Segment Start: INFORMATION PROVIDED
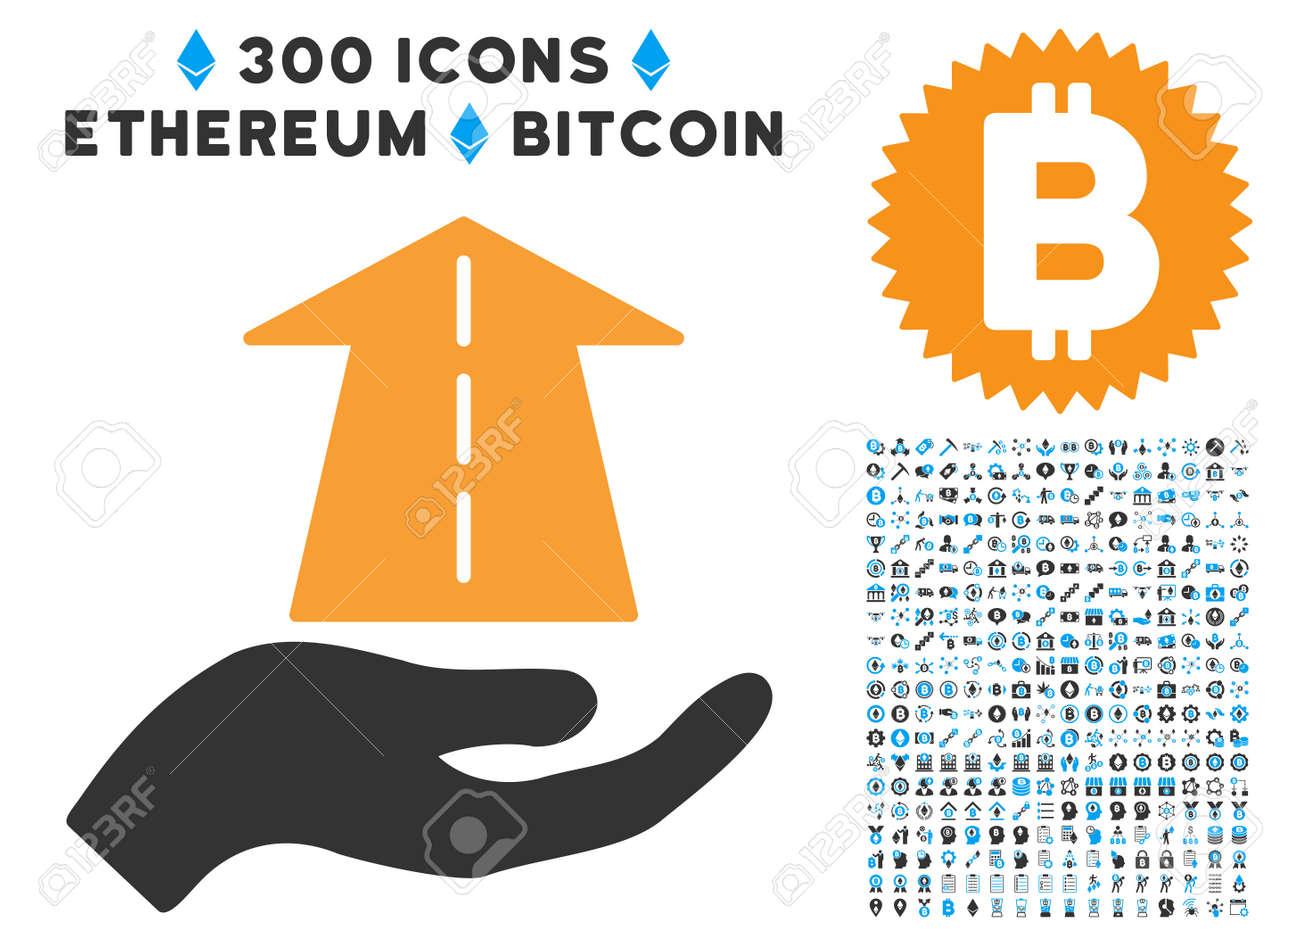 Minergate bitcoin wallet
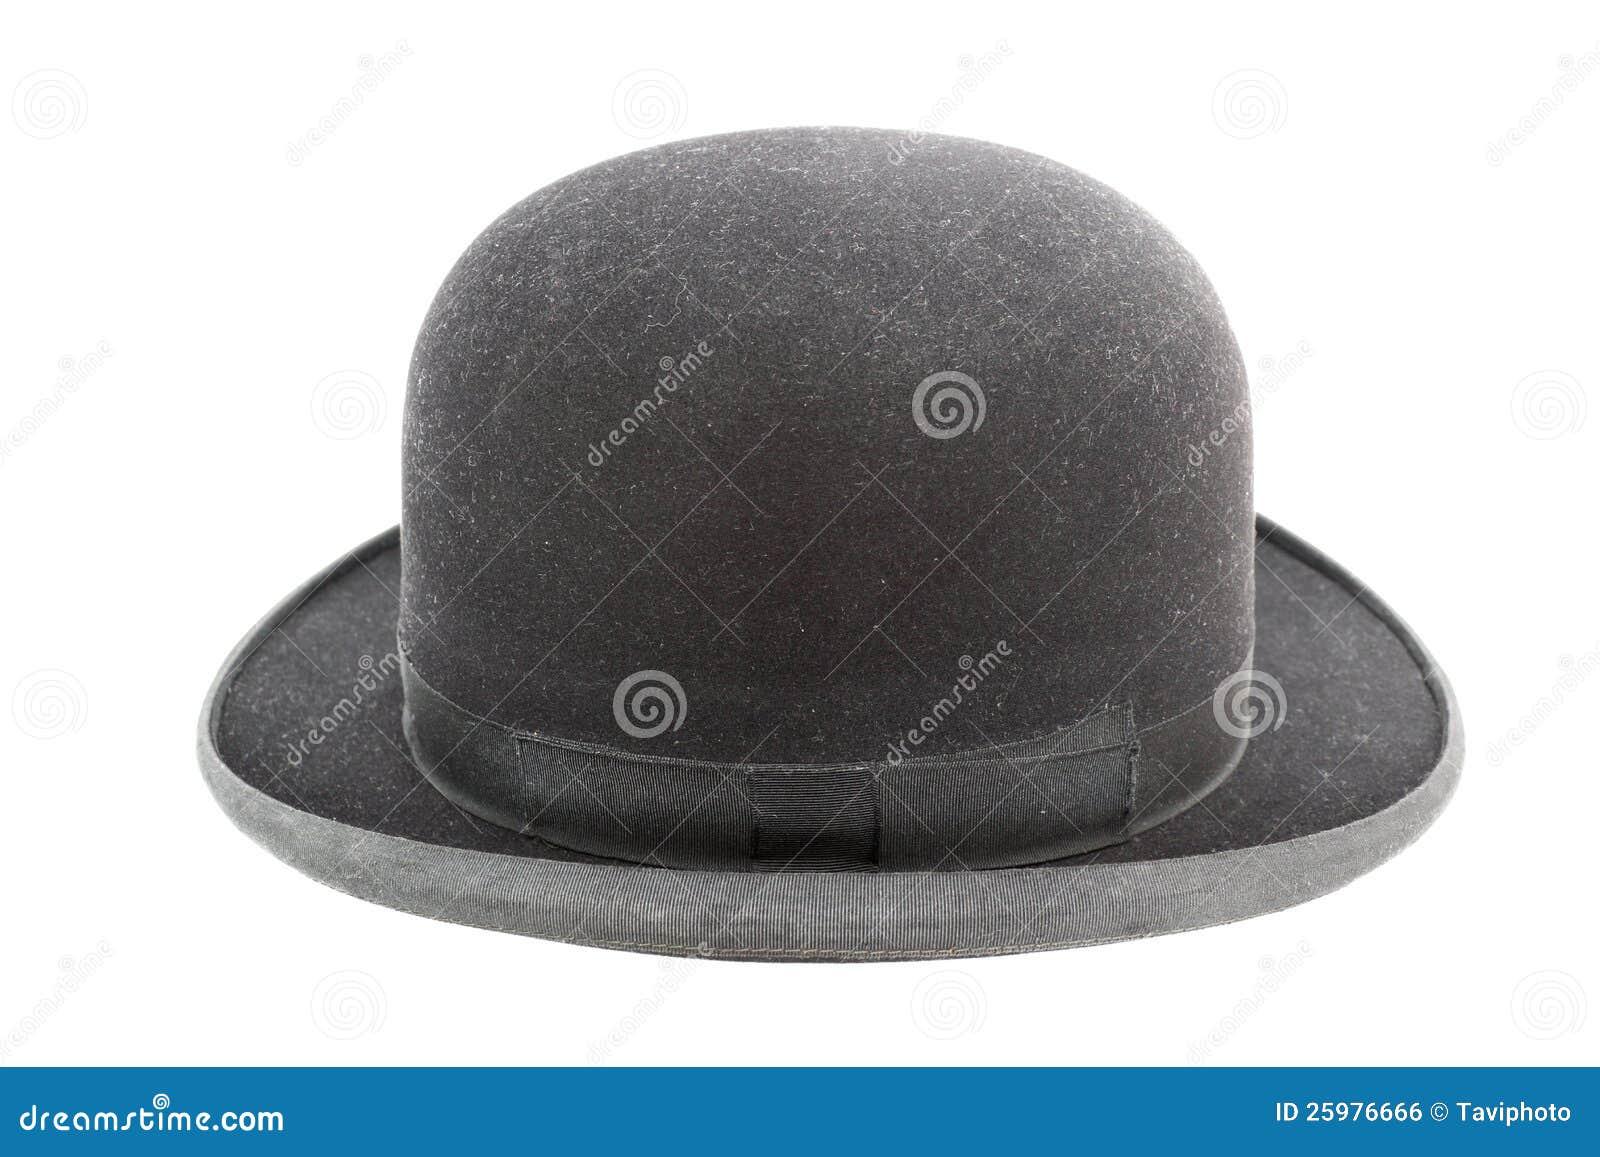 Old Hat Stock Photo. Image Of Elegance, Clothing, Closeup
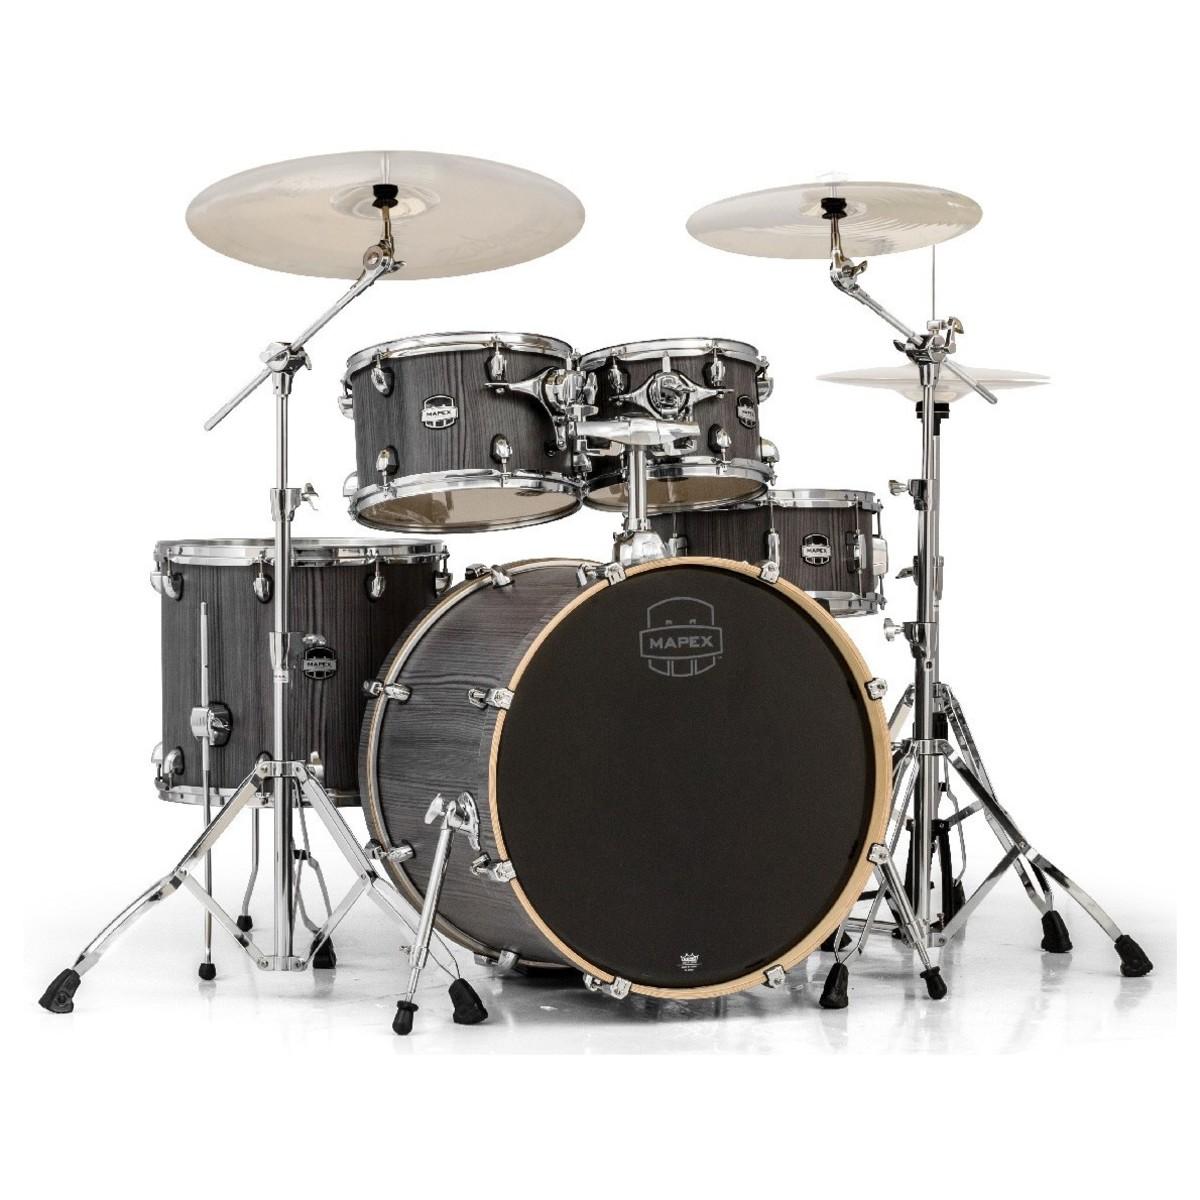 mapex mars 529 rock 22 39 39 5 piece drum kit smokewood at gear4music. Black Bedroom Furniture Sets. Home Design Ideas
Segment End: INFORMATION PROVIDED
▶ _YOUR ASSIGNMENT_
Please restate the whole listing exactly, without any of its pictures.

▶ _RESPONSE TO THIS TASK_
 Minergate bitcoin wallet
 Old Hat Stock Photo. Image Of Elegance, Clothing, Closeup
 mapex mars 529 rock 22 39 39 5 piece drum kit smokewood at gear4music. Black Bedroom Furniture Sets. Home Design Ideas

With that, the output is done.